Savory, aromatic and cheesy this frittata is worthy of a celebratory brunch or is lovely way to treat your family on the weekend.
Yields: 8 pieces
Ingredients
8 large eggs
1/4 cup heavy cream
5 slices bacon, sliced 1/4 inch thick (1 cup chopped)
1 large or 2 small leeks, white and light green parts only (2 cups chopped)
8 oz sliced shiitake mushrooms, wiped clean with a damp paper towel and stems discarded
2 Tablespoons chopped fresh garlic (3-4 large cloves)
1 small shallot, finely diced
1 Tablespoon chopped fresh thyme leaves
4 oz crumbled goat cheese
Salt and Pepper
1 Tablespoon Extra Virgin Olive Oil
Instructions
Pre-heat oven to 375 degrees Fahrenheit.
Whisk eggs and cream together with the chopped thyme. Set aside.

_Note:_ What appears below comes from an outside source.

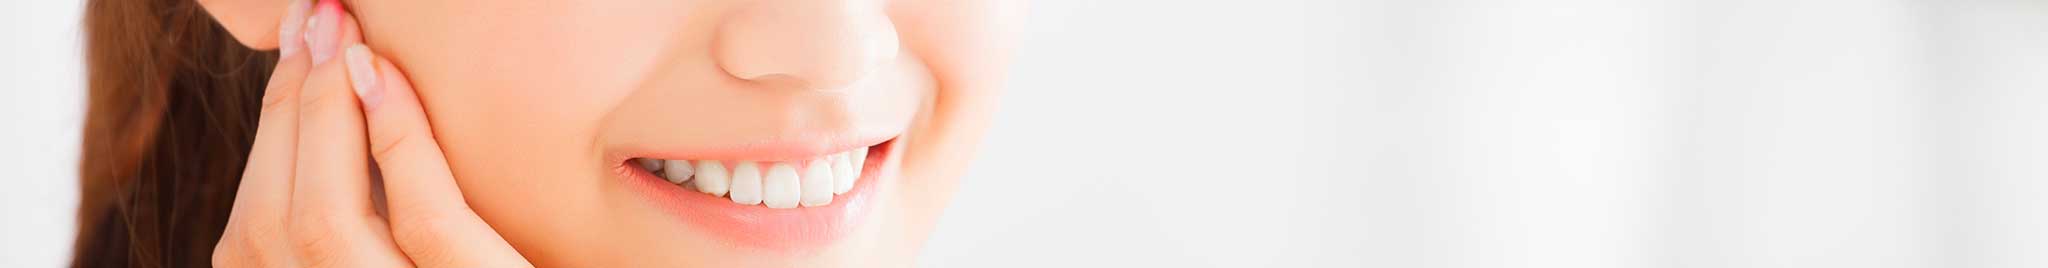 Teeth Whitening in Regulus

Slice leeks lengthwise (white and pale green parts only-discard the dark green tops) and rinse under running water to remove any dirt. Then slice crosswise into 1/4 inch half moon slices. Set aside.
Heat a 10 inch cast iron or other oven safe skillet over medium high heat.
Cook bacon until crisp and fat is rendered.
Remove bacon with a slotted spoon and set aside.
Pour off most of the bacon fat, but leave enough to coat the pan
Add leeks and mushrooms with a pinch of salt and pepper and cook until leeks are translucent- about 5 minutes.
Add garlic and shallot and cook one minute
Add bacon back to the skillet.
Add goat cheese and stir to combine.
Taste filling and adjust salt and pepper as needed.
Drizzle one tablespoon olive oil into the pan.
Pour egg mixture into the skillet and stir once.
Let sit on the stove two minutes and then transfer to oven.
Cook 10-12 minutes until eggs are set and a knife inserted in the middle comes out clean.